The incessant speeding up and hard braking in the US is probably the single thing that I am getting used to again. With Petrol at basically $10 per gallon, a driver thinks about how he uses fuel a helluva lot more than just limiting trips and carpooling. Clean, quiet diesels getting mid-40’s average fuel consumption makes a huge difference in costs as well as environmental impact (not that I am trying to save the planet, just be efficient and conserve). We have a few smug Prius drivers here in the US, but I’ve personally never seen a single one in the U.K. since its US release. That speaks volumes in its silence to me. The driving habits of having a big V-8 pickup as a personal transportation vehicle with all its torque and ‘pick-up’ include the most aggressive full throttle/full braking drive style in traffic, but this is prevalent in virtually all vehicles.
I love roundabouts (or traffic circles as they are known in New Jersey - perhaps the US state with the majority of these) and they do work. Well, they work if drivers are aware of their vehicle’s physical footprint and have a modest bit of respect and courtesy for fellow drivers.
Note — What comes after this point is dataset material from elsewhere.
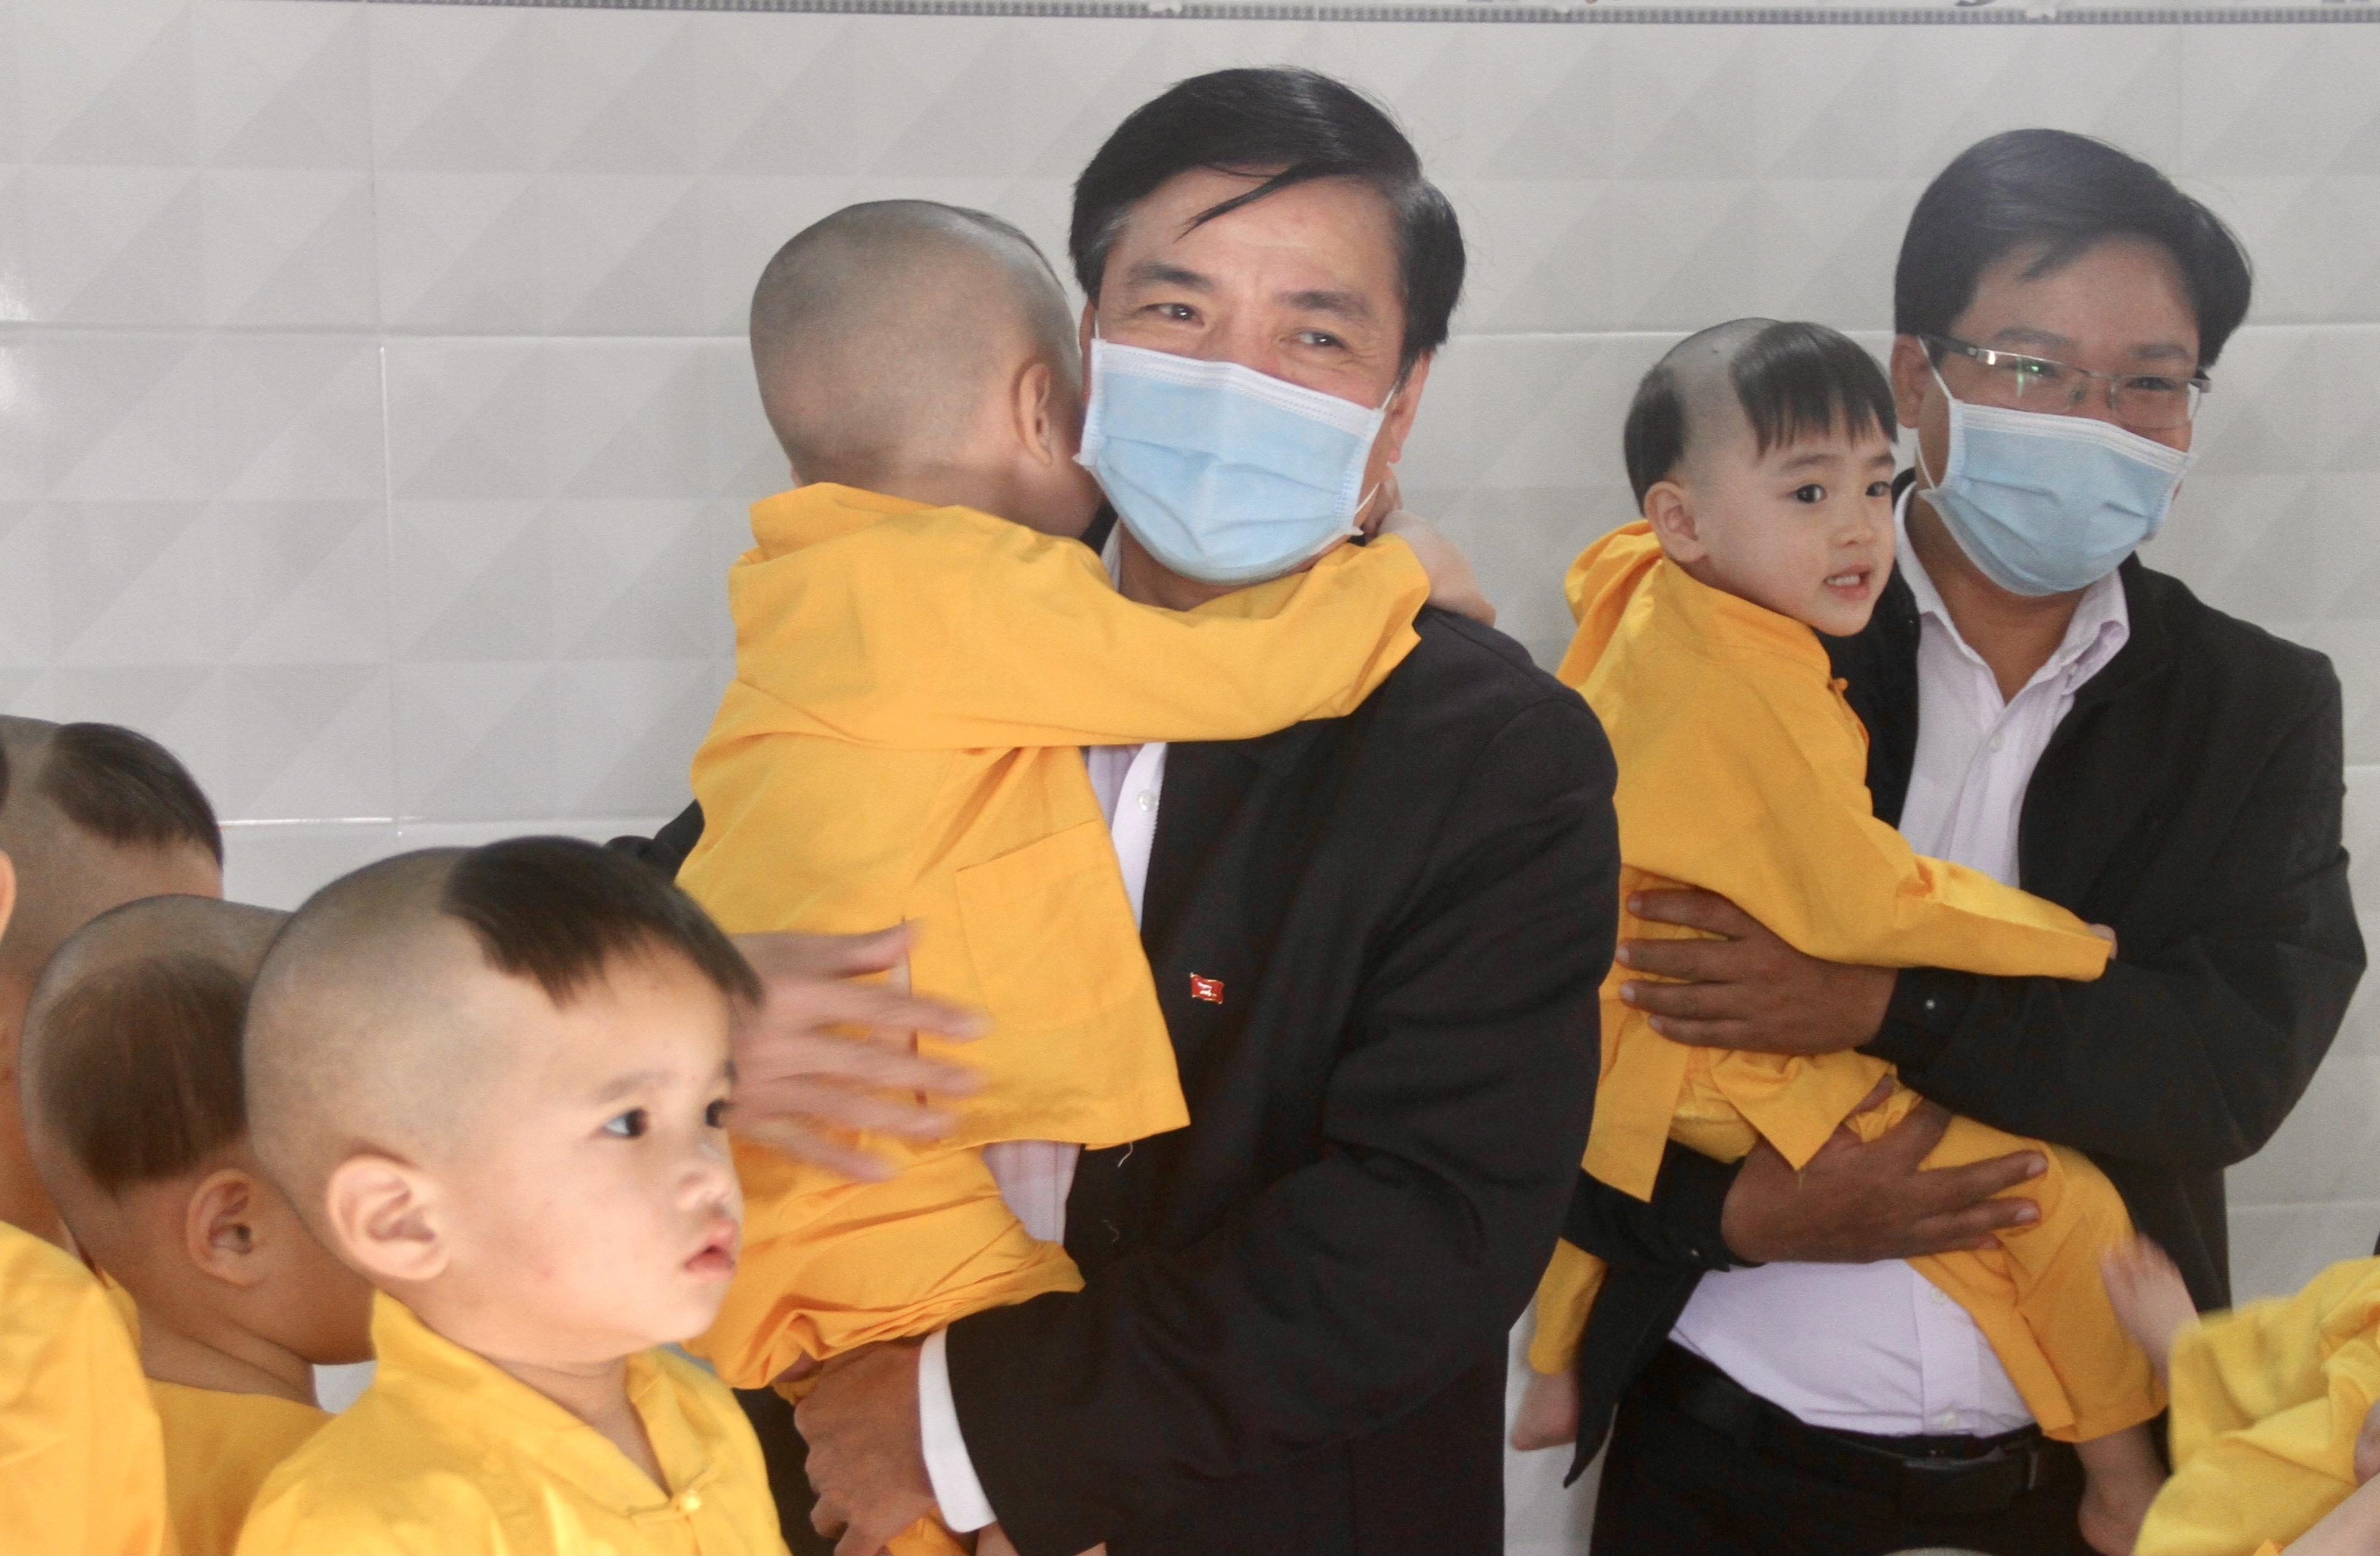 Bí thư Tỉnh ủy Bùi Văn Cường thăm, tặng quà Tết cho trẻ em mồ côi và người già neo đơn

They are relatively easy to master, but part of that is the good and consistent signage that prepares you for your choices.

Another very positive aspect of roundabouts is what it doe s to accidents by how it controls traffic flow. So-called T-bone accidents are eliminated. There are no stop signs nor lights to hurry up and make, but that's what annoys Americans about them - the driver is unable to exercise his (or her) superiority. Everyone follows the same set of rules of the road because there is just no barging through a roundabout. Occasionally busy ones require flow lights, but they are few. If there are accidents they are glancing rather than head-on or T-bone.

It also might be surprising how trusting drivers are at speed on a two lane facing road (where there is no shoulder and a kerb is present) as there are just not a lot of episodes of brake slamming as one turns in front of you. That sort of behavior makes me wonder about the lane widths and shoulders so prominent in the USA lead to a false sense of security. Trust in Continental generally and U.K. drivers specifically has been rather easy for me to come by.

Hopefully I'll gain some in American drivers soon.